4.6. Reaction Kinetic of DCF Removal
As shown in Figures 4A and B, the DCF degradation rates of the first and second orders were k1 = 6.1 × 10-2, R2 = 0.95 and k2 = 3.3 × 10-2, R2 = 0.97, respectively. The correlation coefficient R kinetic equations of the first and second order kinetic equations were close, but k1 was higher than k2. Therefore, the kinetics of the first-order reaction was selected. Similarly, degradation of the ozonation rate was in line with the results of Naddeo et al. study (44). Also, Lu et al. (40) showed that the degradation of DCF by the UV/PS followed the pseudo first order kinetics and R2 = 0.95.
As shown in Figure 4A, the velocity of the DCF reduces the response time function.
4.7. Mineralization of DCF and the Effect of NOM
Another part of the study was the mineralization of DCF by O3/UV/S2O8. Nearly 19% of TOC was removed in 30 min. Therefore, the perfect removal of TOC was not achieved. Considering the reaction rate and amount of mineralization, to achieve higher levels of mineralization the time period should be increased. Also, to get the best results, followed by this reactor, the use of biological reactors for biodegradable organic and inorganic hybrid efficiency is recommended (52). Findings of a study conducted by Lu et al. (40) revealed that, even with 180 min UV/PS treatment, DCF mineralization (32% TOC removal) is limit; the reaction time in their study was much higher than that of the current study.
Humic acid, also, was selected as a scavenging compound in DCF degradation in O3/UV/S2O8 process. When (5 - 20 mg/L) HA was added, the removal rates of DCF diminished from 89% to 87% and 76%, respectively. The negative impacts of HA on the DCF degradation is shown in Figure 5. The removal of DCF was notably inhibited in the presence of HA. Therefore, it can function as a main scavenger of •HO in the reaction system. This issue is addressed by several studies (36, 48, 49, 53). It can be said that the •HA has a strong absorption for UV photons and can reduce the production of •SO4-. Therefore, the reaction between PS and UV photon also decreases (40).

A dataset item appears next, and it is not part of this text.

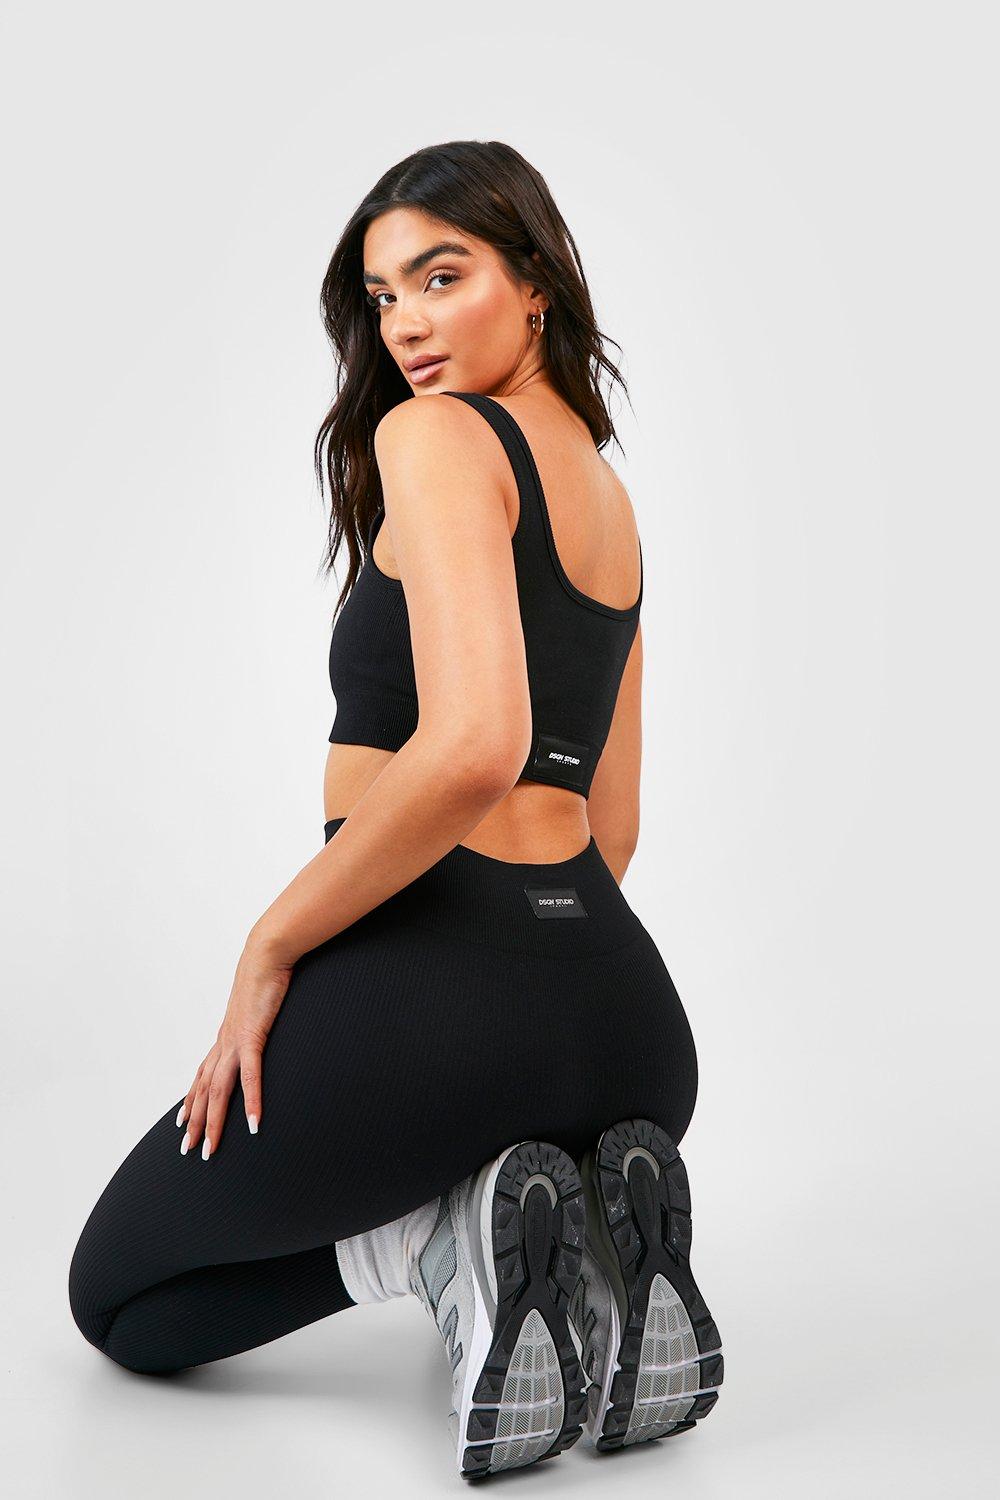 ASOS 4505 seamless legging with bum ruche and contour - part of a

Combining O3/UV/S2O8 processes increases the efficiency of DCF removal compared to sole use of these processes. The O3/UV/S2O8 processes can efficiently reduce pharmaceutical compounds; this process enhances the DCF degradation rate through generation of OH and S2O8 radicals.
Initial pH solution, initial DCF and PS and ozone concentration influence the DCF degradation. Sulfate radical-based technologies show promising results for the removal of these particular pharmaceuticals from wastewater treatment plant effluents, mainly because of the higher selectivity of sulfate radical anion over hydroxyl radical, limiting radical scavenging by natural organic matter and allowing for higher abatement and mineralization rates.